The two possiblilities are two intersecting (projective) lines, or the single point, giving either 1 or 27 additional points. Subtracting the 14 points at infinity gives a total of $169 \pm 13$, and that should depend on $c$ being a square or not. I'll get back later to fill in the detail, but I got to run now.

Note that applying the results in the links by Jyrki Lahtonen the answer follows as well.

Answer 2

You ought to be able to do this systematically.

The cubes modulo $13$ are $0,\pm 1, \pm 5$ - since $13-1=12$ there are just $12/3=4$ non-zero cubes, each with three cube roots. We also have $0^3=0$.

Note that $-1$ is a quadratic residue modulo $13$ so we can solve $y_4^2=-4x_4^2$ for any $x_4$.

We can rearrange the equation to be $$y_1^2+2y_2^2+y_4^2=3y_3^3=0, \pm 3,\pm 2$$

The squares modulo $13$ are $0,\pm 1, \pm 3,\pm 4$ so you have $$\{0,\pm 1,\pm 3,\pm 4\}+\{0,\pm 2,\pm 6, \pm 5\}+\{0,\pm 1,\pm 3,\pm 4\}=\{0,\pm 2\ , \pm 3\}$$

Each non-zero square has two square roots. Each non-zero cube has three cube roots. If $y_4\neq 0$ there are two possible values for $x_4$.

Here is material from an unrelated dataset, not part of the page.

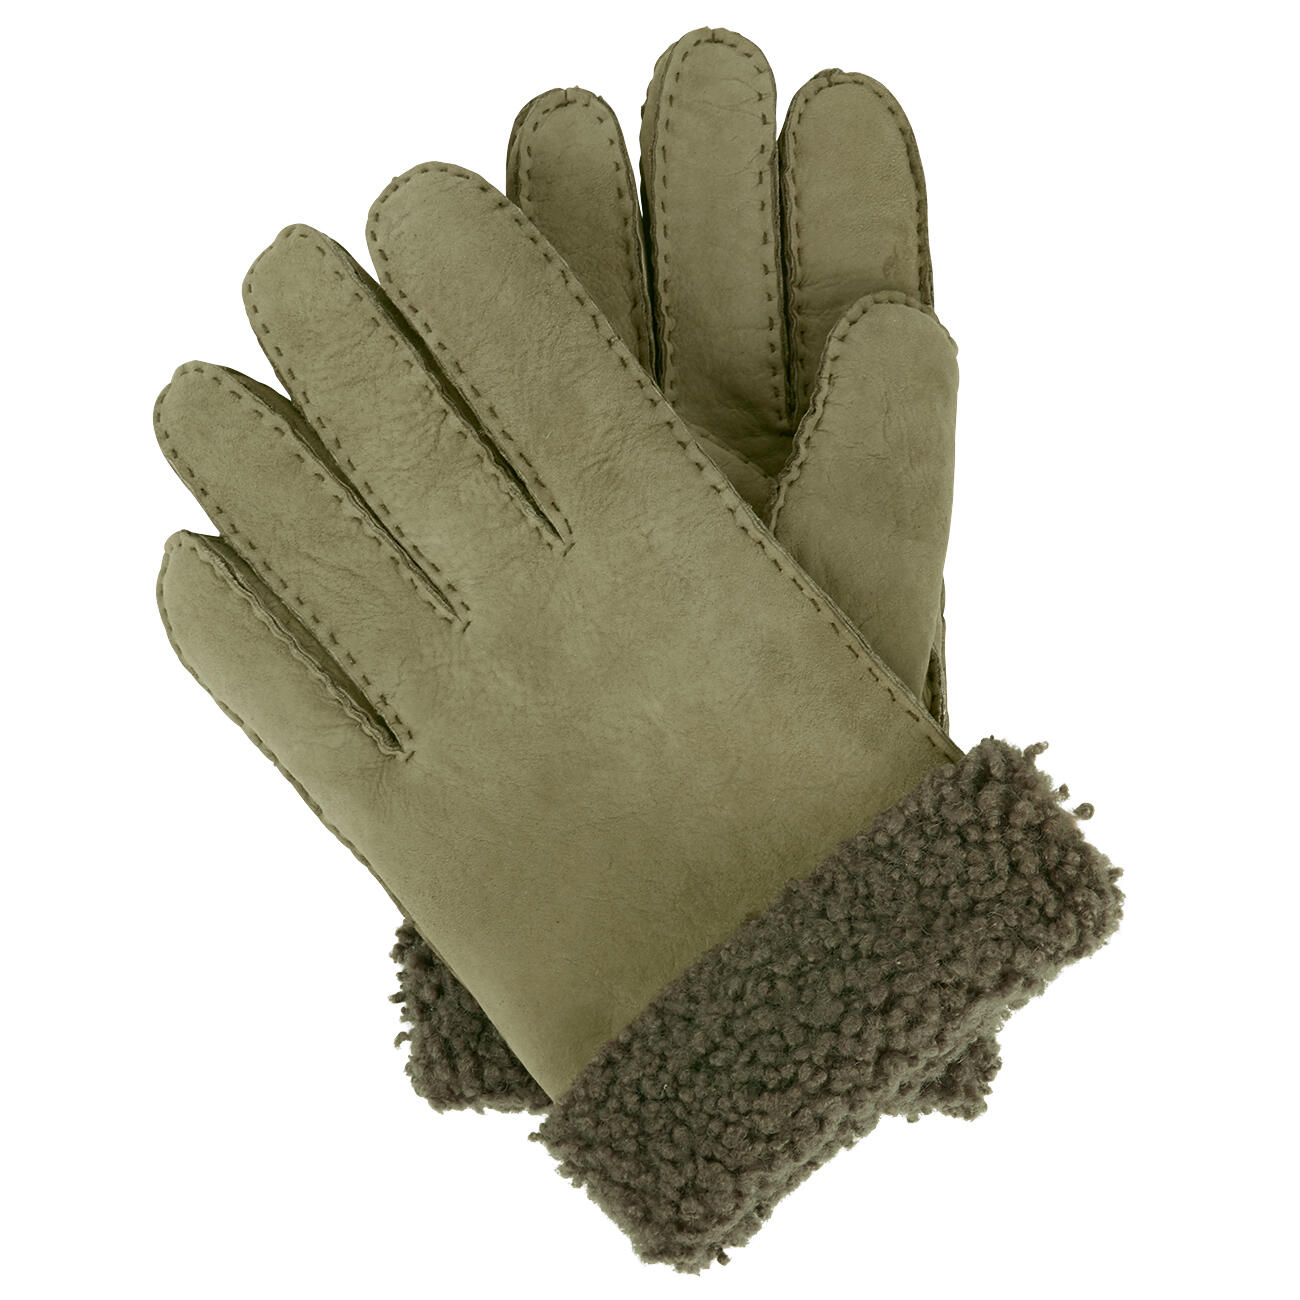 Otto Kessler Curly-Lamm-Handschuhe entdecken

So we have $$0+0+0=0$$$$0+0\pm 3=\pm 3$$ (this gives twelve solutions when signs are chosen and roots are taken) $$0\pm 2+0=\pm 2$$$$0\pm 2\pm 1=\pm 3$$$$0\pm 6\mp3=\pm 3$$$$0\pm 6\mp 4=\pm 2$$

etc

You can reduce the task by exploiting the symmetry between $y_1$ and $y_4$.

Also starting with the cubes gives just three possibilities to consider, so it may probably more efficient to write

$$\{0,\pm 2,\pm 3\}+\{0,\pm 1,\pm 3,\pm 4\}+\{0,\pm 1,\pm 3,\pm 4\}+\{0,\pm 2,\pm 5, \pm 6\}=0$$ and look for solutions $$\pm a\pm b\pm c\pm d=0$$ with $b\le c$ and count a factor of two whenever $b\lt c$

With this you get $$(0,0,0,0); (0\pm 1,\mp 1,0); (0,\pm 1,\pm 1\mp 2);(0,\pm 1, \pm 4,\mp 5); (0,\pm 3, \pm 3, \mp 6); (0,\pm 3,\pm 4, \pm 6);(0,\pm 4,\pm 4, \pm 5)$$ and then other solutions for other choices of $a$.

Listing takes some care, but there are only $30$ choices from the first three brackets which have $b\le c$

Answer 3

Let $Q(x)$ be a form of degree $d$ on $F^n$, and let $k$ be a positive integer. We map bijectively the set $\{(x,y) \in F^{n+1}\ | Q(x) = y^{kd+1}\}$ onto $\{(x,y) \in F^{n+1} \ | Q(x) = y\}$ as follows: if $y= 0$ then $(x,0) \mapsto (x,0)$. If $y\ne 0$ then $(x,y) \mapsto (\frac{x}{y^k}, y)$. We conclude that the set has $q^n$ elements.